«C'est un phénomène complètement nouveau qui en dit long sur le niveau de moralité dans le monde professionnel aujourd'hui.» Pierre Mirabaud n'en revient pas. Le banquier privé genevois s'est retrouvé confronté à un cas inédit. L'un des responsables d'une des entités de son groupe à Londres, le courtier Pereire Tod, démarchait en mai de nouveaux clients. A chacun d'entre eux, il vantait la recherche de son établissement jusqu'à ce que l'un de ses interlocuteurs lui fasse remarquer de troublantes similitudes entre les études présentées et celles de Credit Lyonnais Securities (CLS), une filiale de la banque française. «On s'est alors rendu compte que nous étions plagiés par cette banque depuis plusieurs mois», signale Giles Morland, directeur exécutif de Pereire Tod. Le courtier de la banque suisse a déposé plainte devant les tribunaux et demande 27 millions de livres de dédommagements, soit plus de 61 millions de francs.

Martin Brooker, un ancien analyste de CLS qui suivait les actions des petites et moyennes entreprises, avait pris l'habitude de reprendre de larges extraits de la revue hebdomadaire de Pereire Tod, Results Alert, dans diverses publications de sa banque dont Mid-Cap Monitor et Alchemist, le rapport mensuel sur l'industrie chimique. Il a œuvré de la sorte pendant onze mois, entre mai 2001 et avril 2002, avant de rejoindre le courtier américain E*Trade. Ce fait relève-t-il de la simple inconscience de la part d'un analyste paresseux? Selon The Times, qui a interviewé des analystes de la City, ce cas pose la question de la production de textes par les maisons de courtage rapportée à leur nombre d'employés. Selon un expert anonyme cité, ce ratio montre qu'il est à peu près impossible d'assurer que des analystes d'autres établissements ne se livrent pas à ce genre de pratiques. «On voit souvent des idées reprises d'une étude à l'autre. Mais là, il s'agissait de reprise de paragraphes entiers», relève un acteur de l'affaire.

La confiance dans les analystes a été largement entamée ces derniers mois suite à des scandales à Wall Street impliquant les banques autrefois les plus réputées dans ce métier. Merrill Lynch a dû payer 100 millions de dollars pour mettre fin aux poursuites aux Etats-Unis, alors que Morgan Stanley et Salomon Smith Barney sont toujours sous enquête. La City avait jusqu'ici été relativement épargnée par les critiques sur le rôle des analystes dans la crise que traverse aujourd'hui le monde de la finance, très vives aux Etats-Unis (lire en page 27).

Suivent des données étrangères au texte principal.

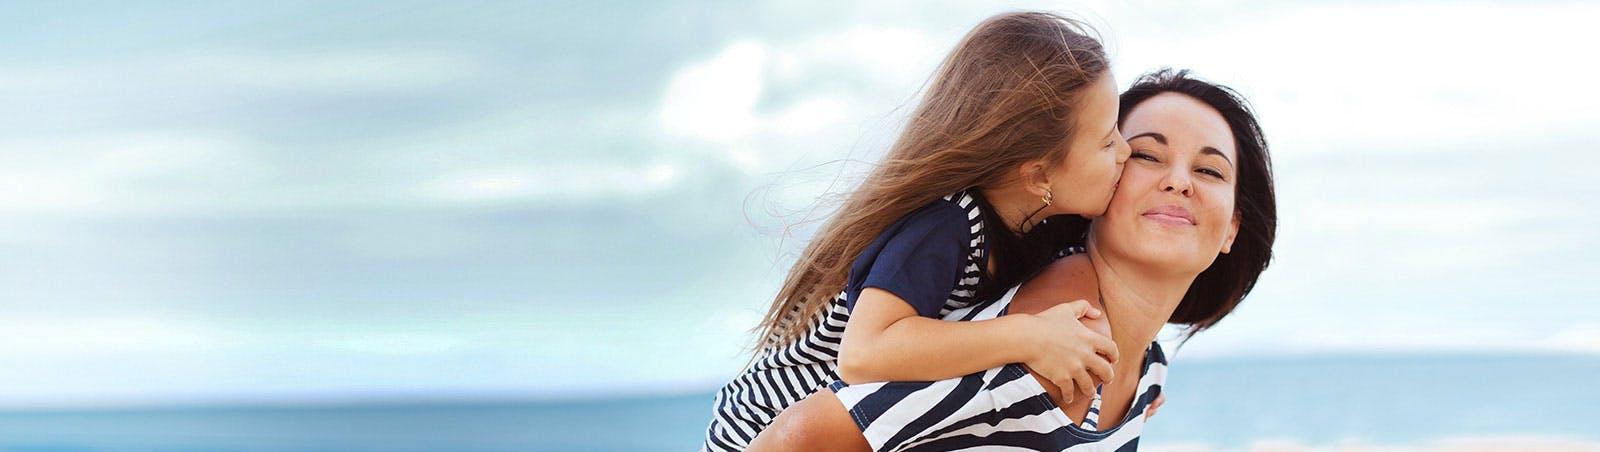 Banner - Ochrona skóry przed promieniowaniem UV

«Le plus choquant dans cette affaire reste l'attitude du Crédit Lyonnais», estime une source proche du dossier. La banque française, dont le porte-parole à Paris n'a pas pu être joint vendredi, n'a semble-t-il pas souhaité trouver une solution à l'amiable. Après avoir envoyé à la mi-juin un courrier faisant état de l'éventualité de poursuites judiciaires, Giles Morland a en effet tenté de rencontrer les responsables de CLS à Londres le 8 août dernier. Sans succès. Un dépôt de plainte s'en est suivi. La demande de dédommagement a été calculée sur la base d'une fraction des commissions perçues par la banque française de la part de ses clients institutionnels, à qui elle faisait indûment bénéficier de la recherche de Pereire Tod.

Cette semaine, le Crédit Lyonnais a reconnu sa responsabilité sans toutefois préciser si Martin Brooker, l'analyste incriminé, a été licencié ce printemps pour ce motif ou des faits similaires. La banque aurait convoqué le mois dernier son ancien employé pour qu'il s'explique sur les faits qui lui sont reprochés. Alors que la FSA, le gendarme financier britannique, a confirmé avoir été contacté par le Crédit Lyonnais à ce sujet, ce dernier a annoncé qu'il espérait trouver un terrain d'entente avec Pereire Tod pour un montant bien moindre que celui réclamé.